Russian FM: Azerbaijan returns lands belonging to it
Russian Foreign Minister Sergei Lavrov has said that Russia's proposal to deploy a mission of the Collective Security Treaty Organisation (CSTO) in Armenia is still relevant.
“If Armenia is still interested, the mission can be deployed within one or two days,” Lavrov said in an interview with Russian media, Caliber.Az reports.
“When Armenia and Azerbaijan continue looking for ways to stabilise the situation in the Caucasus, the CSTO is also ready to help. After there was a surge of violence in September last year, about 300 people died on both sides, we immediately sent a mission. We received a request from Armenia, the CSTO secretary general went to the border with a special mission of experts and brought a plan for the deployment of the CSTO on Armenia’s territory, which borders with Azerbaijan,” the Russian minister said.
He noted that this plan was prepared quite a long time ago, but Russia was not hurried by the Armenian side.
“As a result, the text of the corresponding decision was prepared at the summit in Yerevan. However, Yerevan said that a decision would be needed only if it categorically condemned Azerbaijan's actions,” Lavrov added.
“Not everyone was ready to go for it not only because they [CSTO member states] wanted to shield someone and not to support anyone. The history of this entire Karabakh war goes back decades when for many years Armenia held seven districts around Karabakh under occupation, and then, when despairing of resolving the issue by political means, Russia offered options that the former Armenian leadership did not perceive positively, willing to keep territories that it never claimed. After all, Azerbaijan has returned the lands belonging to it,” the minister said.
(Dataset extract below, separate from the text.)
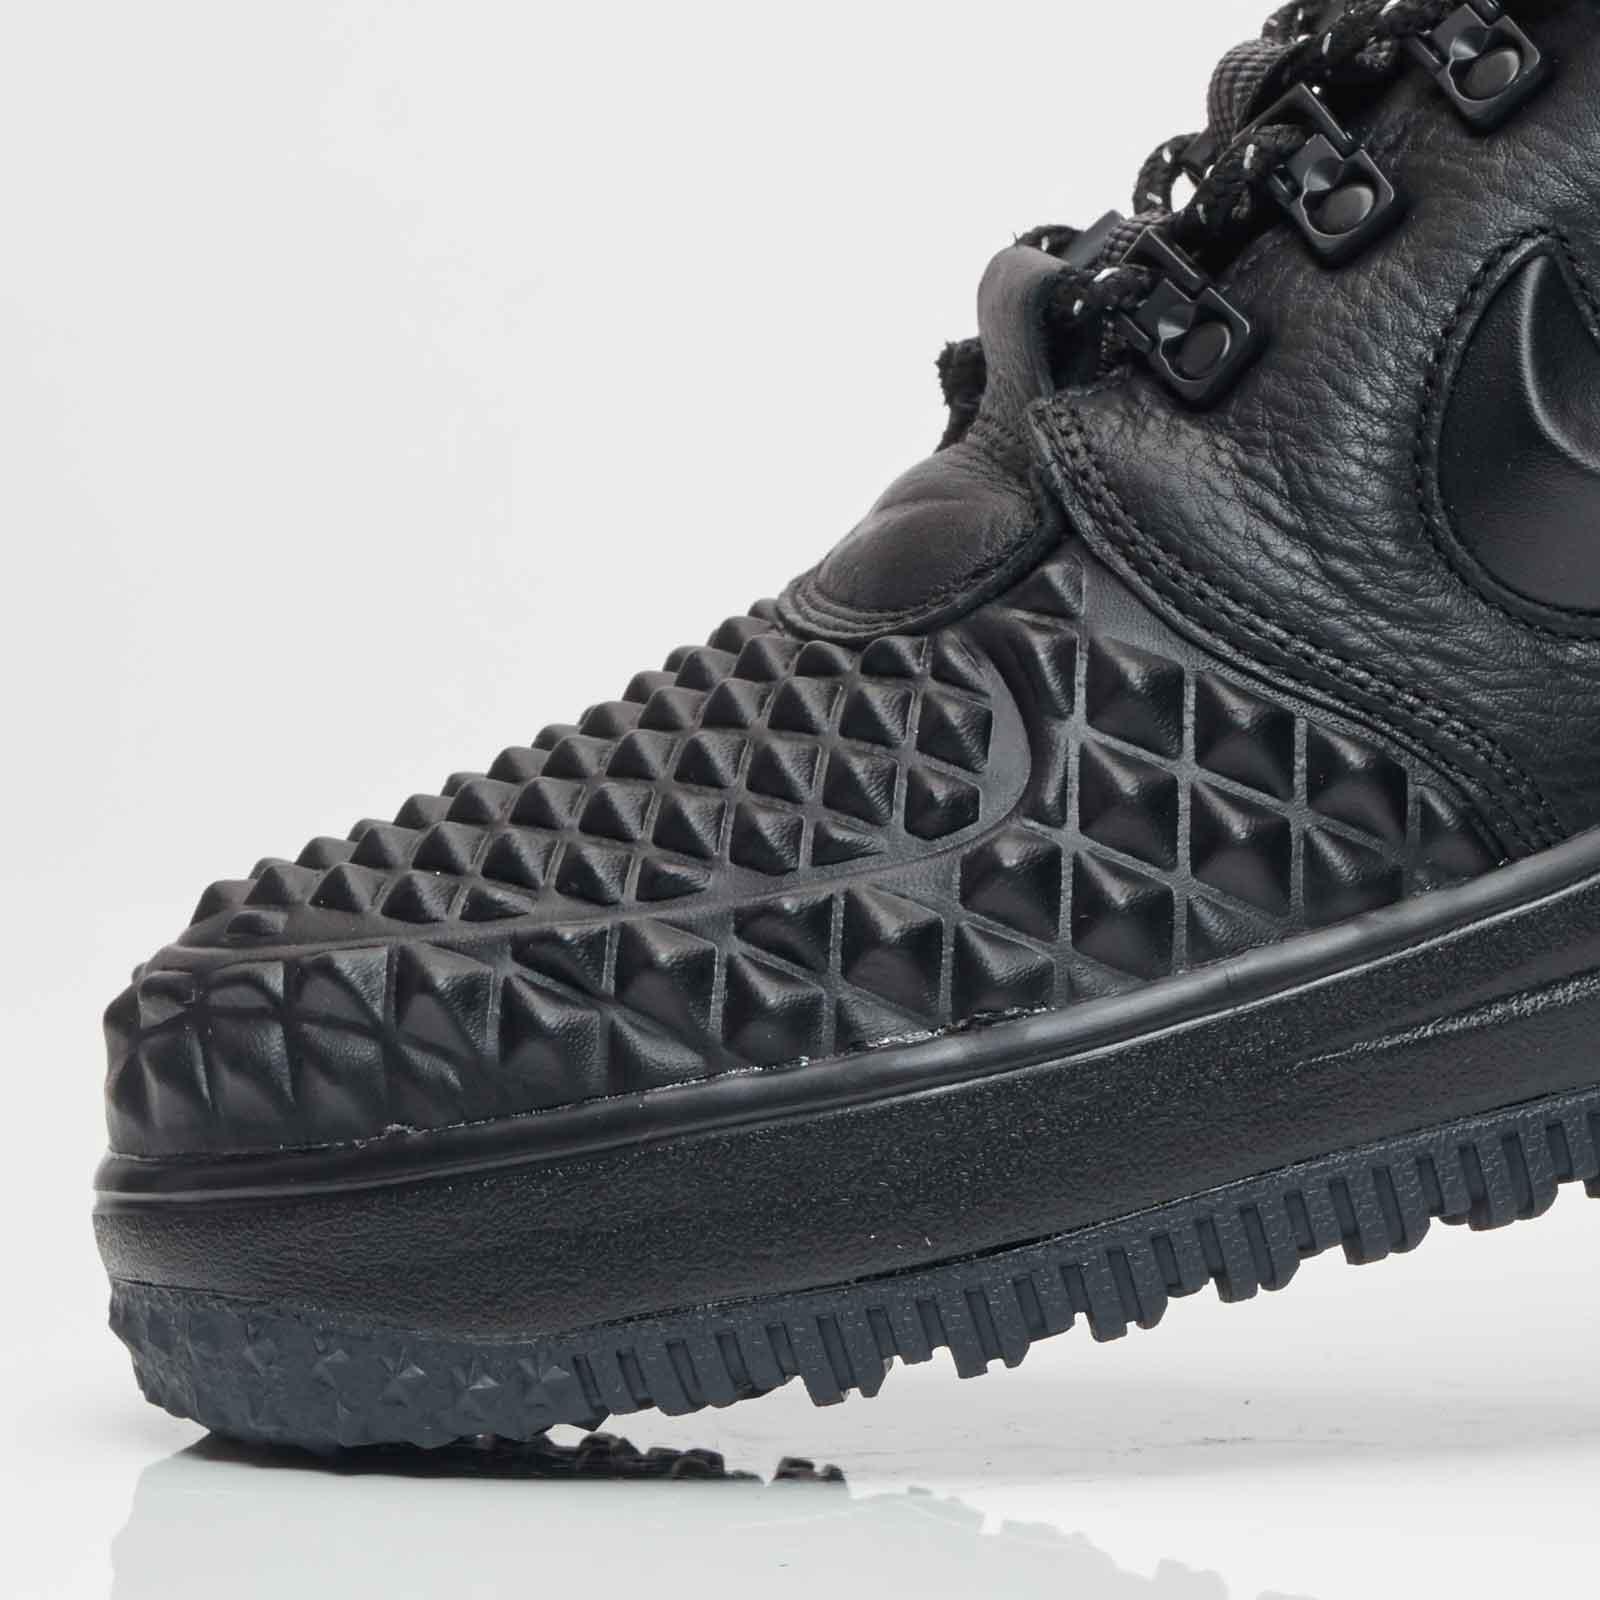 Nike Wmns LF1 Duckboot - Aa0283-001

“Now when Armenia and Azerbaijan, together with the European Union, have signed a document on their readiness to conclude a peace treaty, on the conditions outlined in the Alma-Ata Declaration of 1991, it is difficult for Moscow to decide on further steps because the Alma-Ata Declaration says that the borders between the newly independent states will pass along the administrative borders of the Soviet Union, the union republics, including the Armenian Soviet Socialist Republic and the Azerbaijan Soviet Socialist Republic, which included the Nagorno-Karabakh Autonomous Region. However, the situation is multilayered,” he added.
“The fact that the CSTO in this difficult situation had the plan to deploy a peacekeeping operation was a very important achievement. This proposal is still relevant. If our Armenian friends and allies are still interested in it, then this mission can be deployed within one or two days,” Lavrov said.
The summit of the leaders of the CSTO member states was held in Yerevan on November 23. During the summit, it was impossible to sign two documents, namely, a declaration and a statement on rendering assistance to Armenia. Armenian Prime Minister Nikol Pashinyan stated that he refused to sign the document due to the Organisation's refusal to condemn Azerbaijan.